UNITED NATIONS (Reuters) - More than 4,000 children a year are being smuggled out of Haiti and forced to work as beggars, farmers and construction workers by adults who keep their wages, according to a new study made public on Monday.
More than 2,000 of these children end up each year in the neighboring Dominican Republic, many of them smuggled across the border at the request of their parents, concluded the report by the U.N. children's fund UNICEF ( news - web sites) and the Geneva-based International Organization for Migration.
"The parents see this as a way of obtaining some additional income through the children's work. Sometimes they use the money to cover school fees and necessary materials after they return," the two international agencies found.
The problem is most prevalent in northern Haiti, the study found.
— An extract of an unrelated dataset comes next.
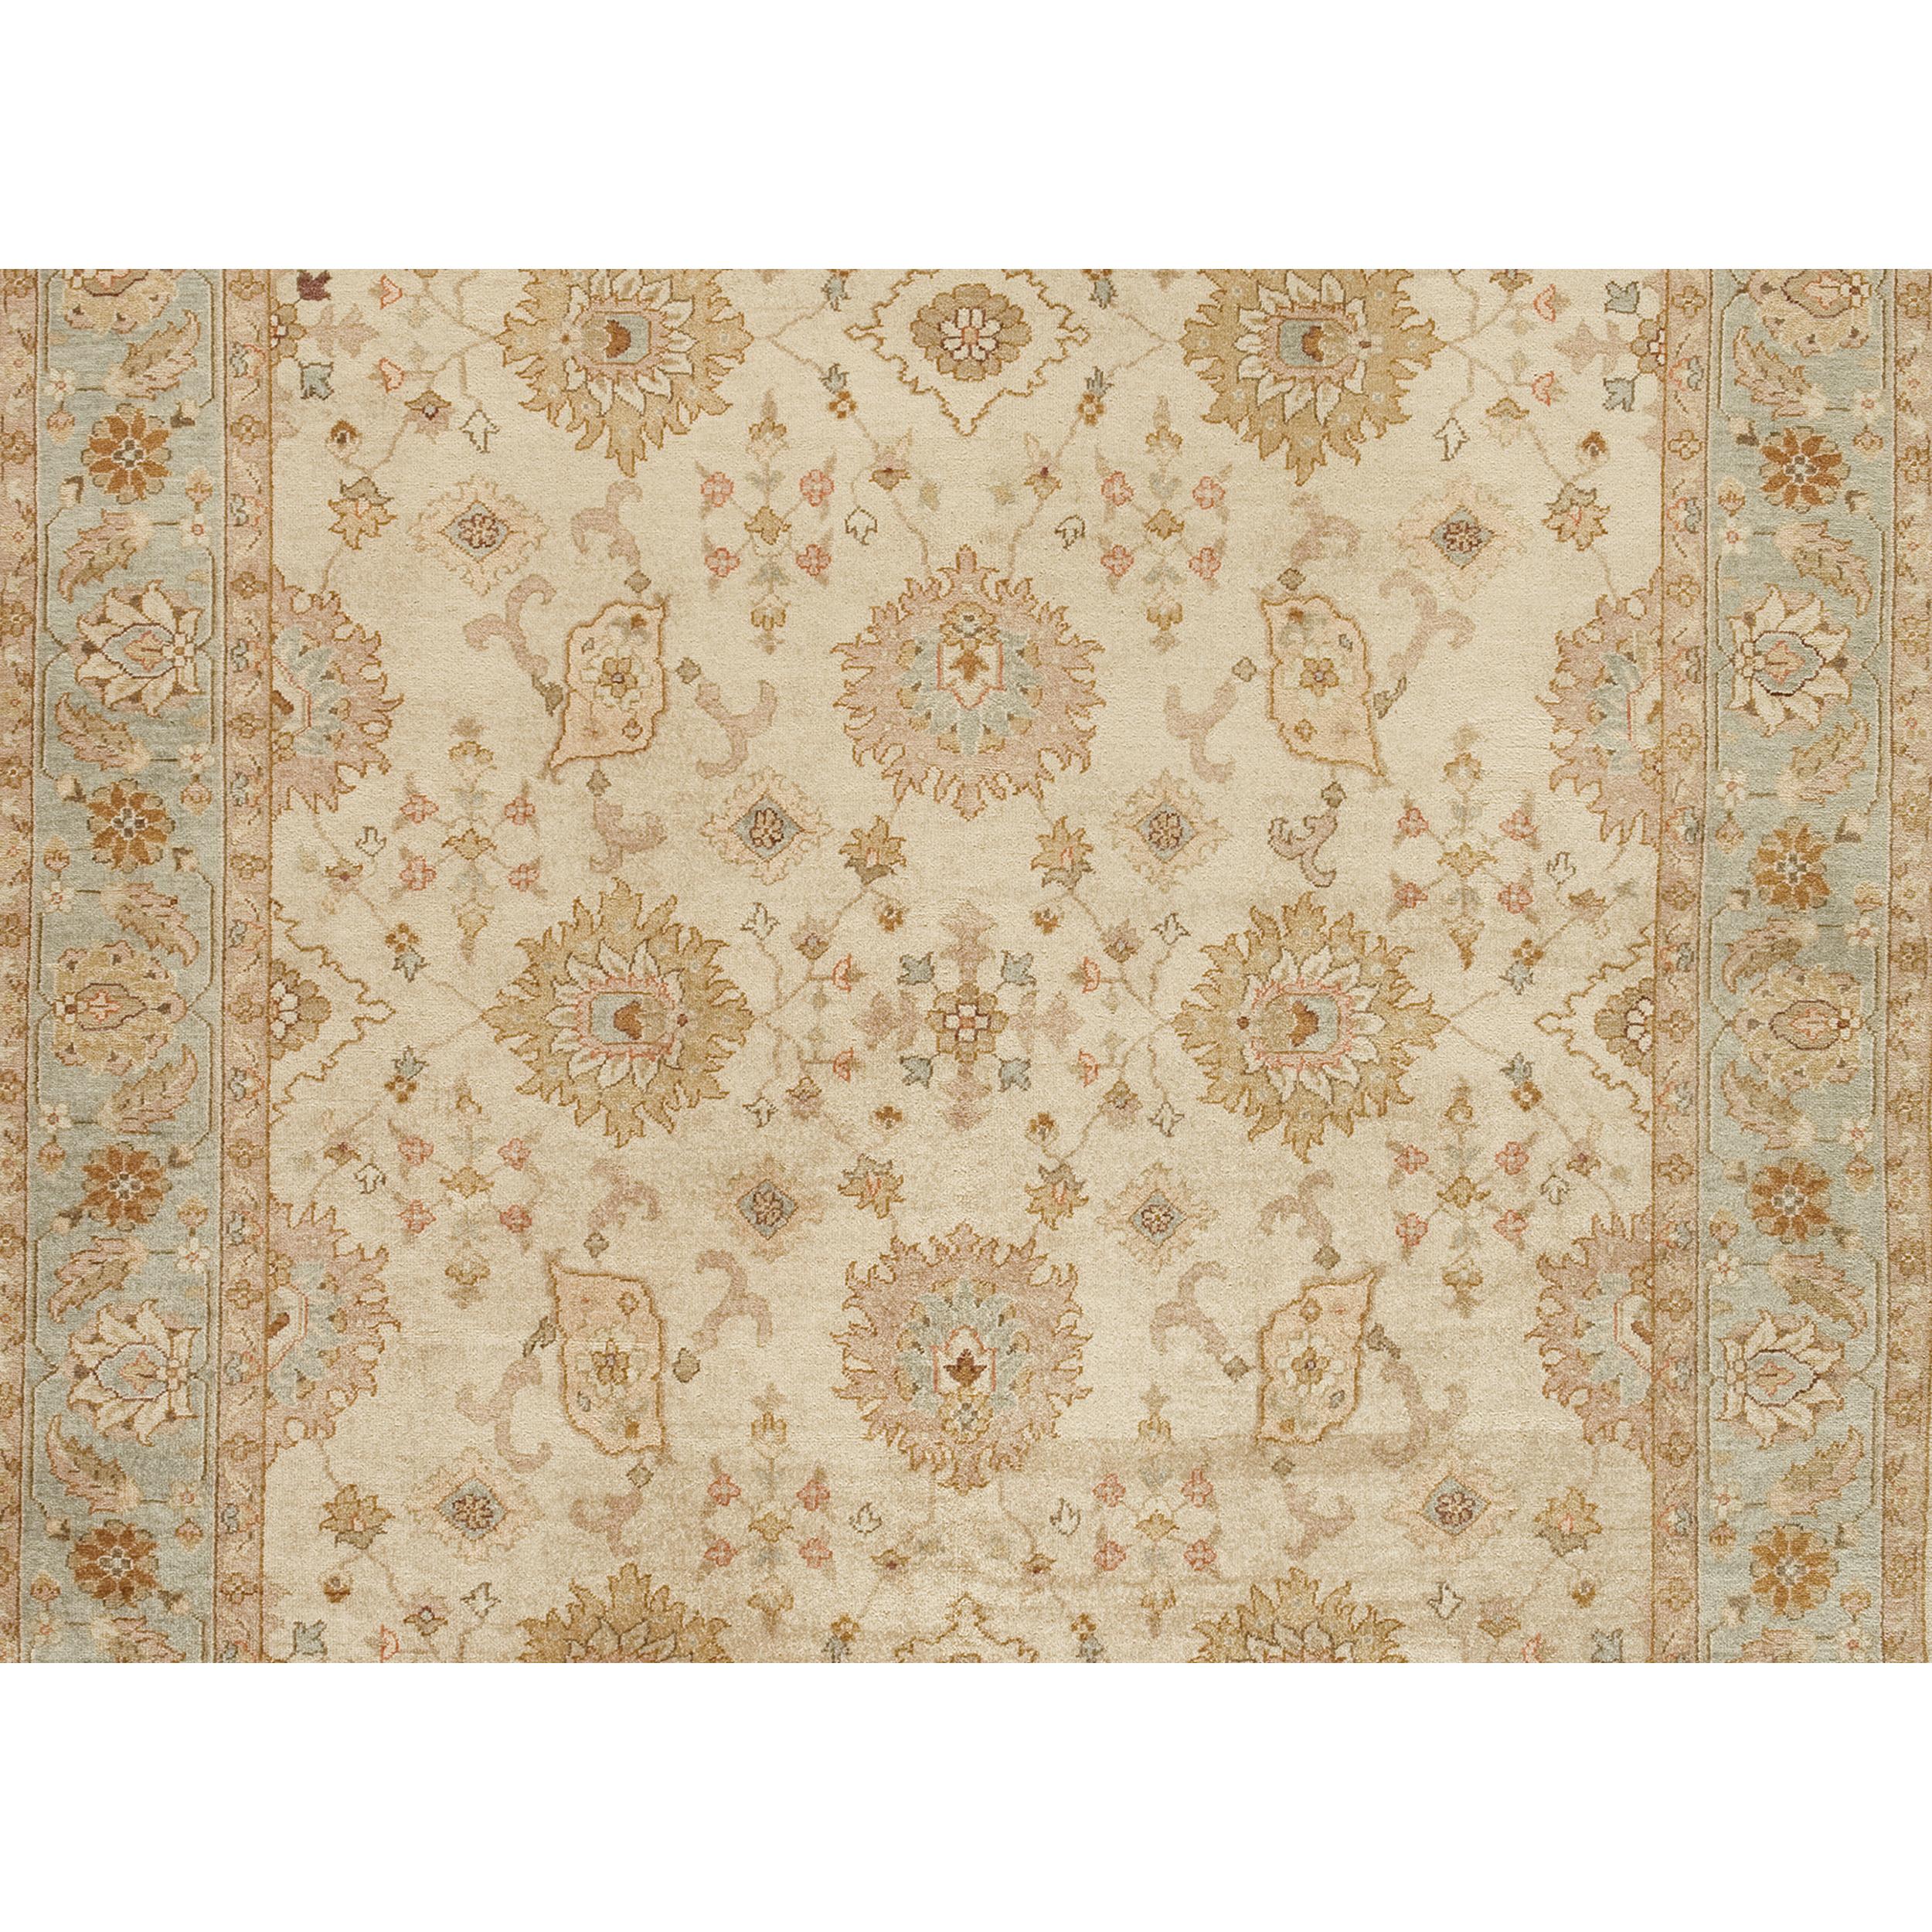 Chinese Luxury Traditional Hand-Knotted Ivory/Seafoam 10x14 Area Rug For Sale
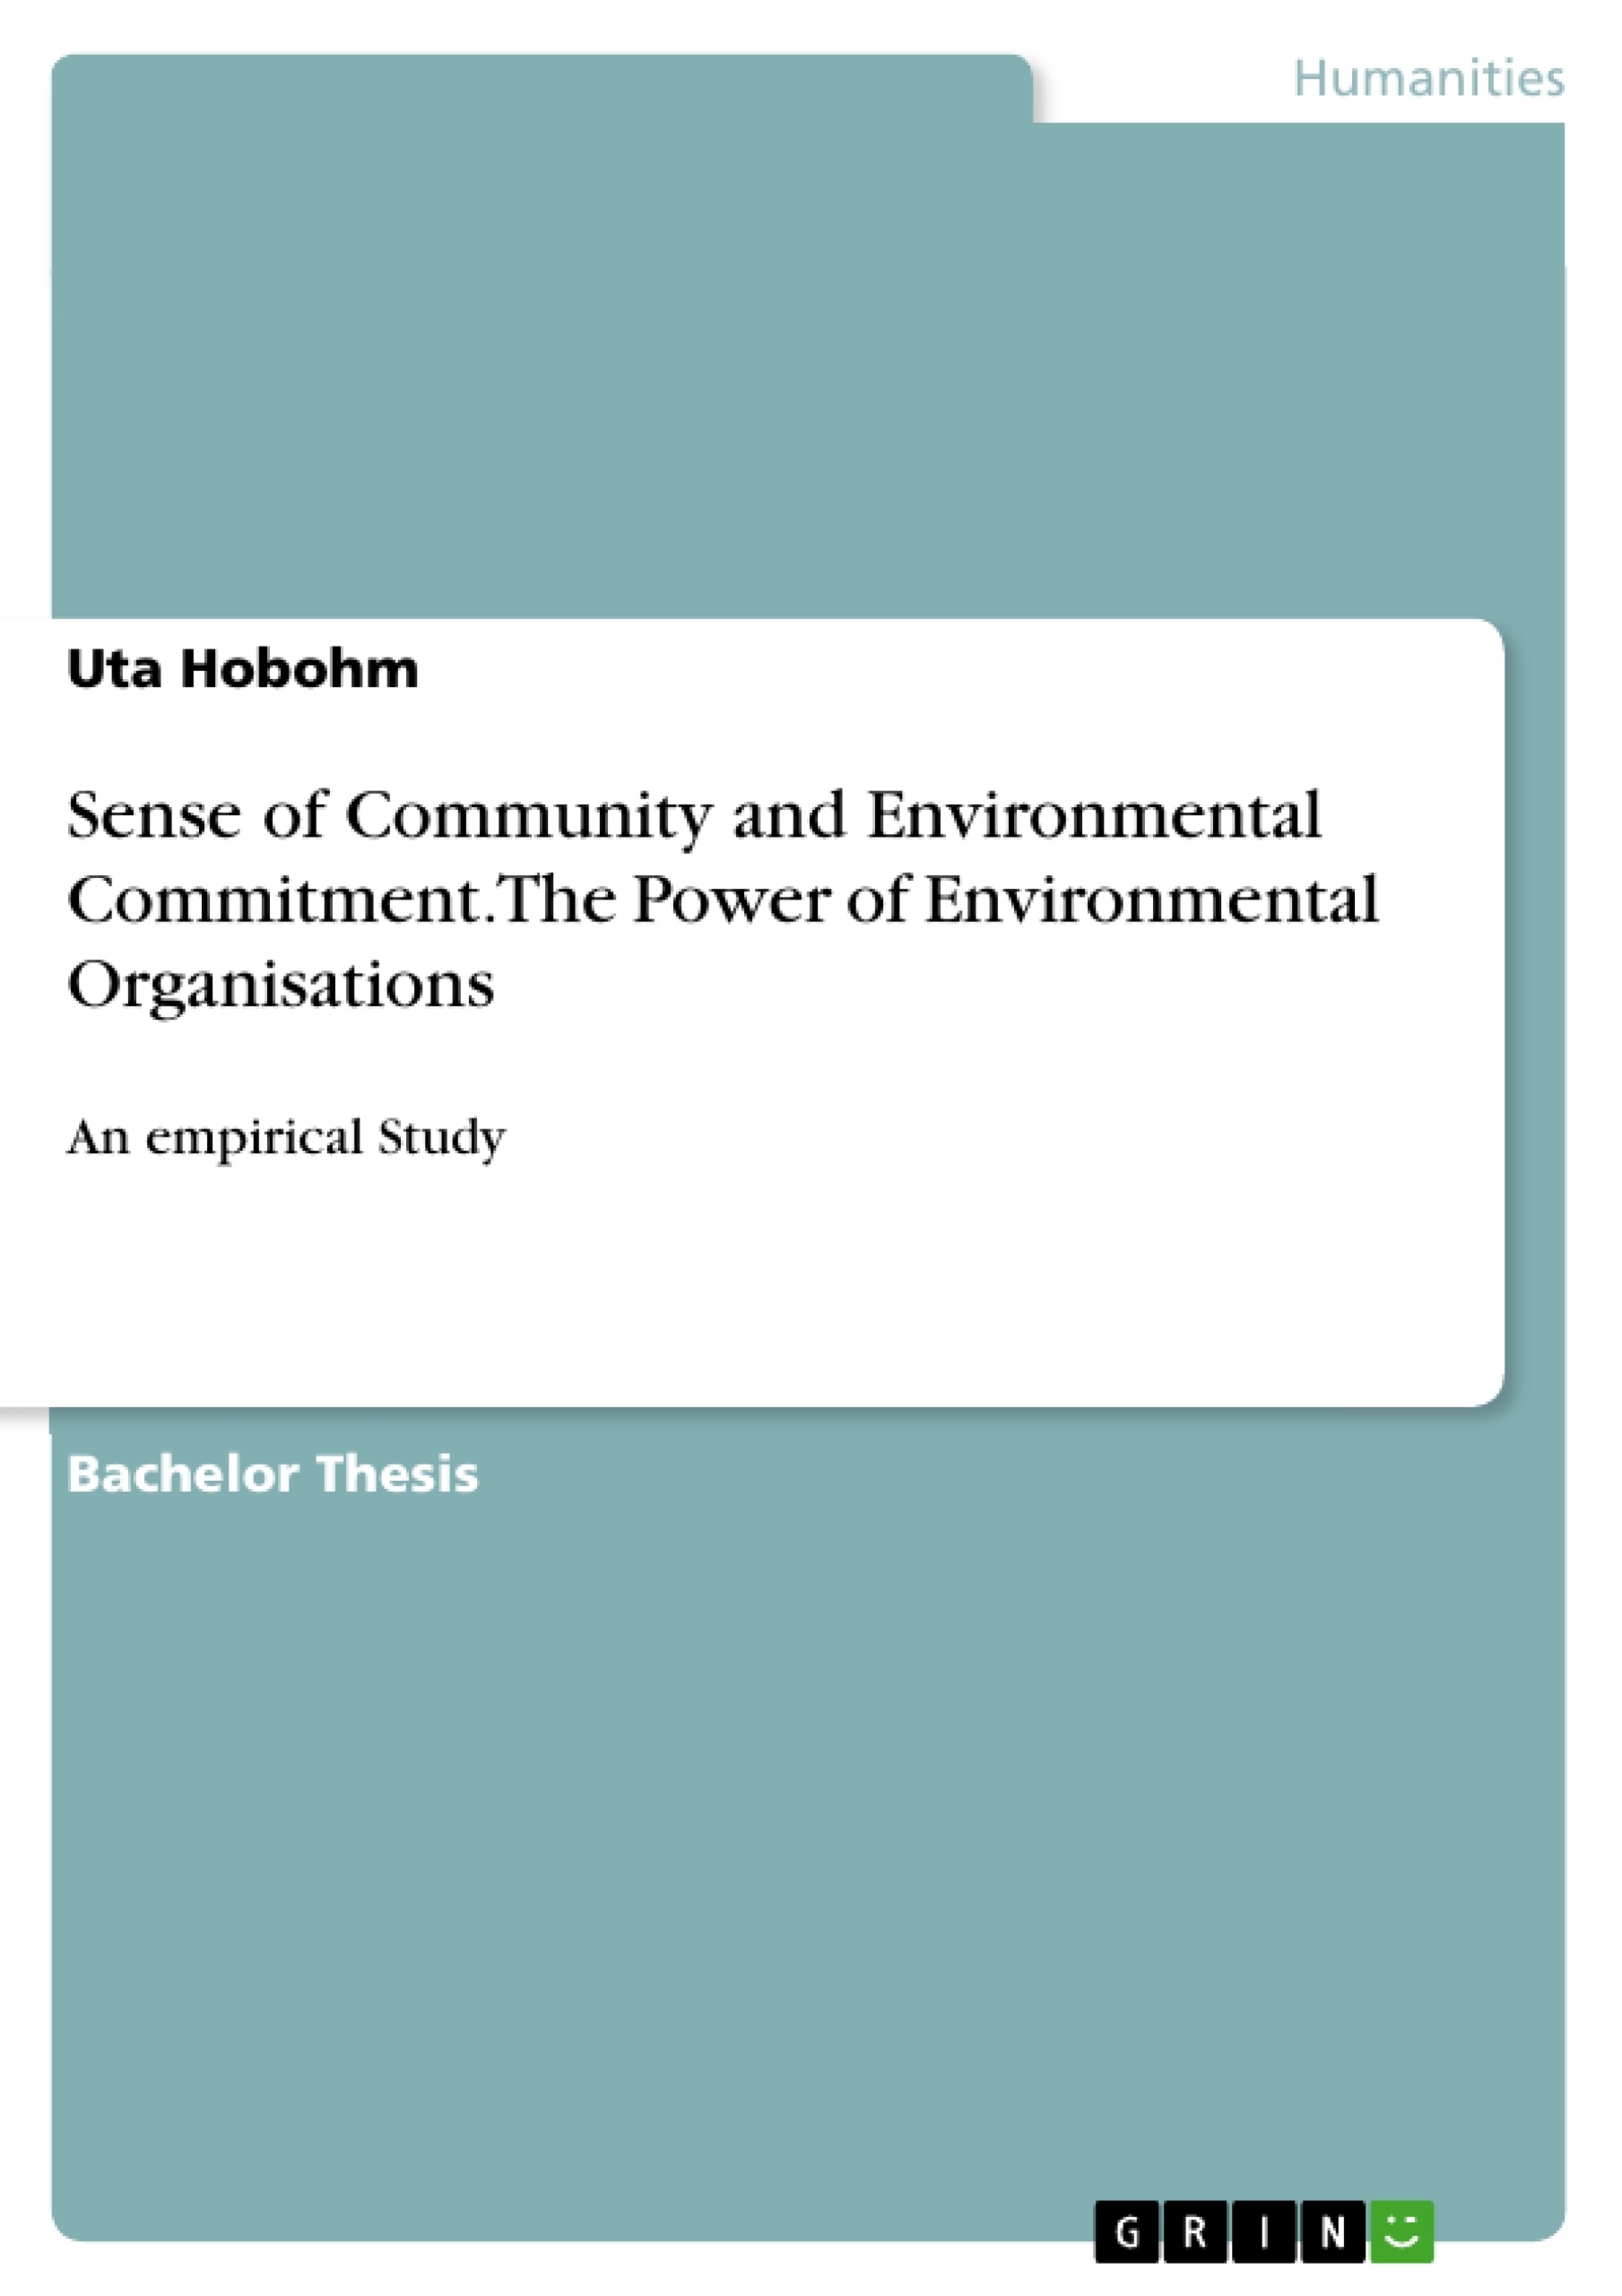 Title: Sense of Community and Environmental Commitment. The Power of Environmental Organisations

While about half of the children go to the Dominican Republic for three to four months and then return to Haiti to attend school, many of the others end up staying on as low-wage farm workers, it found.
There they live "under extremely precarious conditions, in terms of housing and food, and because of their age and illegal status are prone to physical and verbal abuse," it said.
While laborers have been migrating from Haiti to the Dominican Republic for decades, "the worrying new twist is the trafficking in children," UNICEF official Alec Fyfe said.
"The families see the middlemen doing the smuggling almost as benefactors due to the extreme poverty in Haiti," Fyfe told Reuters.
Parents pay the smugglers $60 to $80 per child to take their children to the Dominican Republic, the study said. The smugglers in turn pay Dominican border guards $1 to $3 per child to sneak them across the border, UNICEF officials said.
The goal of the study was to help Haiti and the Dominican Republic work together to combat the problem. The findings were first presented last week at a workshop in Santiago, Dominican Republic.